Moving forward from the overall population, it was also presented data from the long-term follow-up of the 14 lung cancer patients which showed the same very good overall response rate regardless of the CNS status of these patients and after progression 3 of 4 of these patients, they showed NTRK solvent front mutations as the main mechanism of resistance.
Shifting gears a little bit to the diagnostic space which can be sometimes complicated. We have several already published algorithms to detect NTRK fusions.
Starting with a very nice work presented regarding the ctDNA analysis. We need to take into consideration that the yield to detect fusions in the bloods is much lower than in the tissue, but probably a new fusion caller, an NTRK1 fusion caller algorithm improved the detection rate of NTRK1 fusion in plasma.
About the pan-TRK IHC, which can be used as like a screening method for tumours with low frequency of NTRK fusions, there is like an overall very good agreement from the pathologists from 8 different centers but we still have the caveat of not having a good cut-off of positivity.

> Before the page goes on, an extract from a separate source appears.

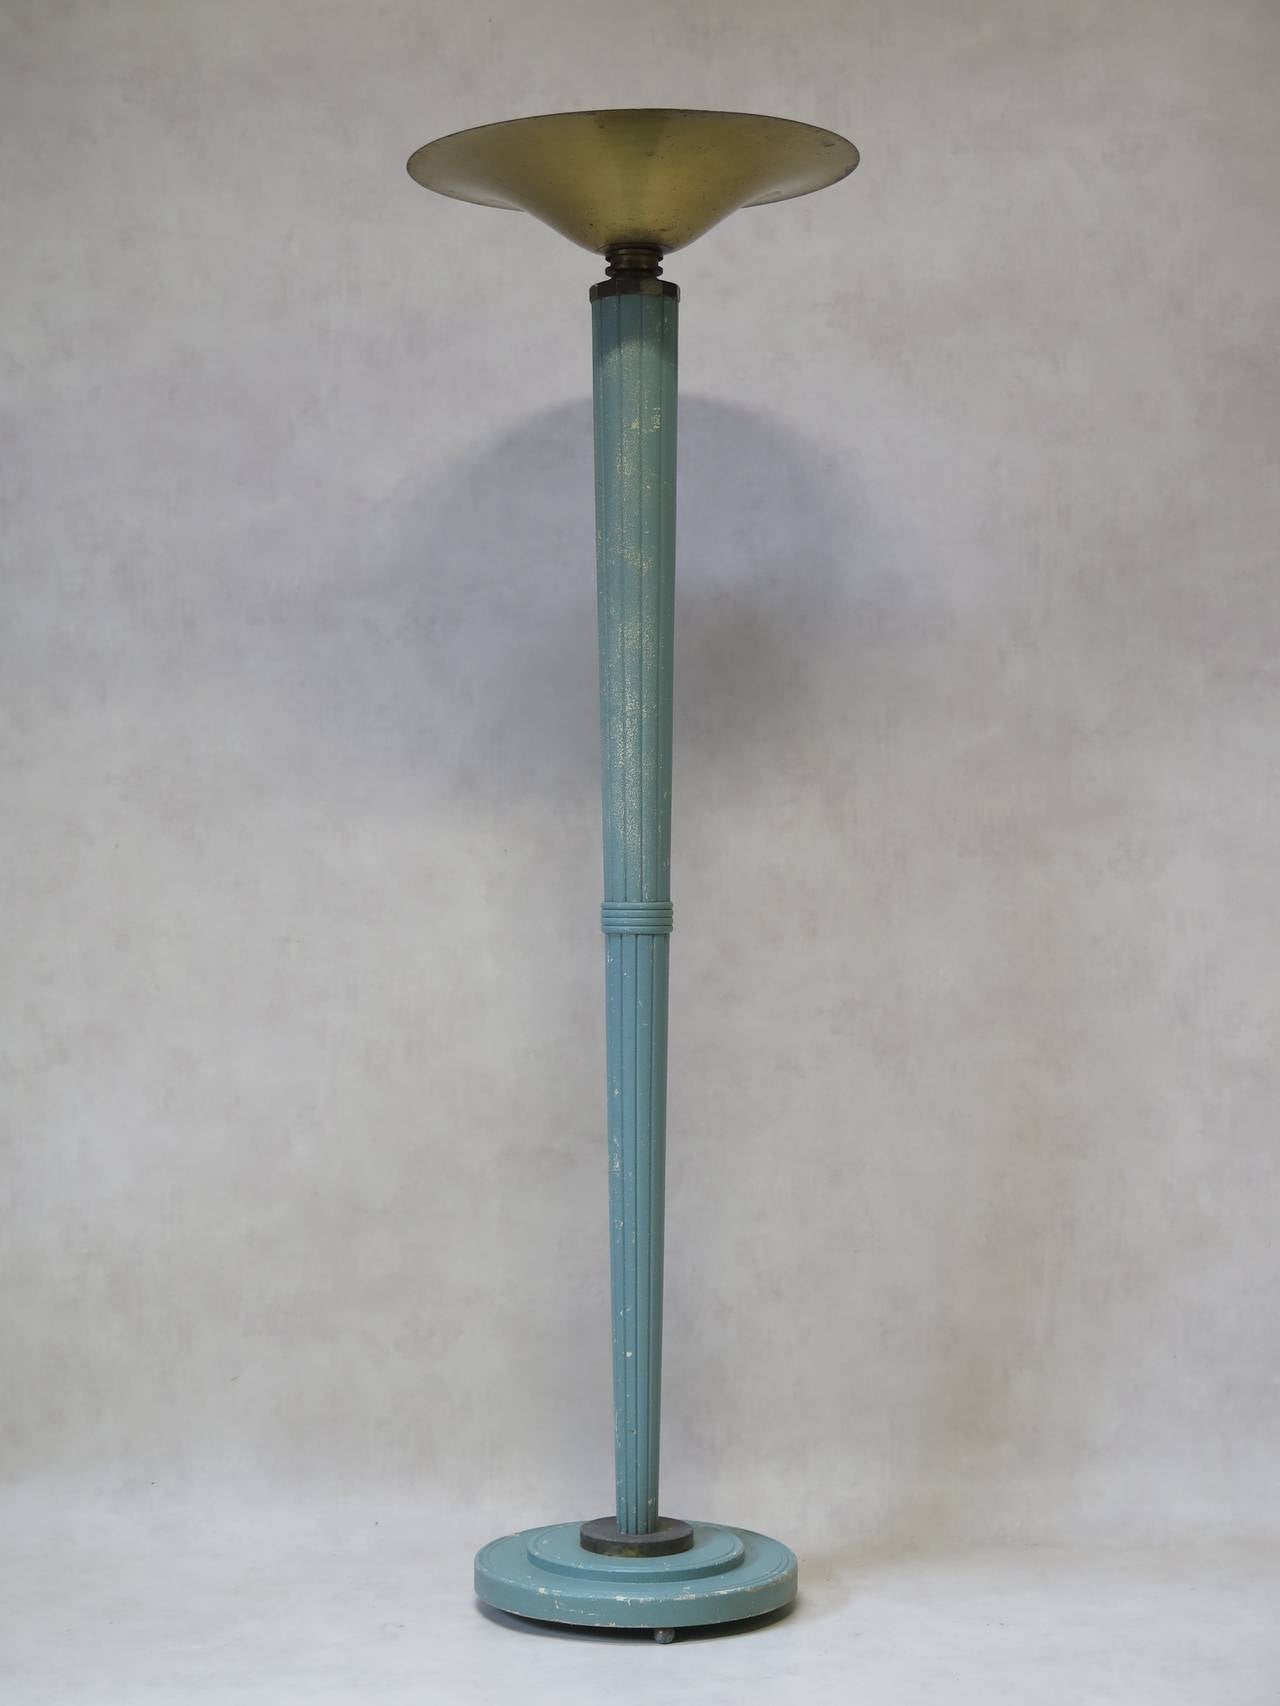 Élégant lampadaire Art déco des années 1930 avec une colonne en bois effilée et anglée, peinte en bleu-vert clair. Base étagée. La colonne supporte une grande coupe en laiton oxydé.

So in summary larotrectinib continued to show a robust and durable response. After the progression it’s important to test for the mechanisms of resistance because we have now the availability of the next-generation TRK inhibitor and we really should test all the patients for NTRK fusions in order to benefit them for receiving the first-generation TRK inhibitors.
I really encourage you to access our website and download the slides and really thank you for attention.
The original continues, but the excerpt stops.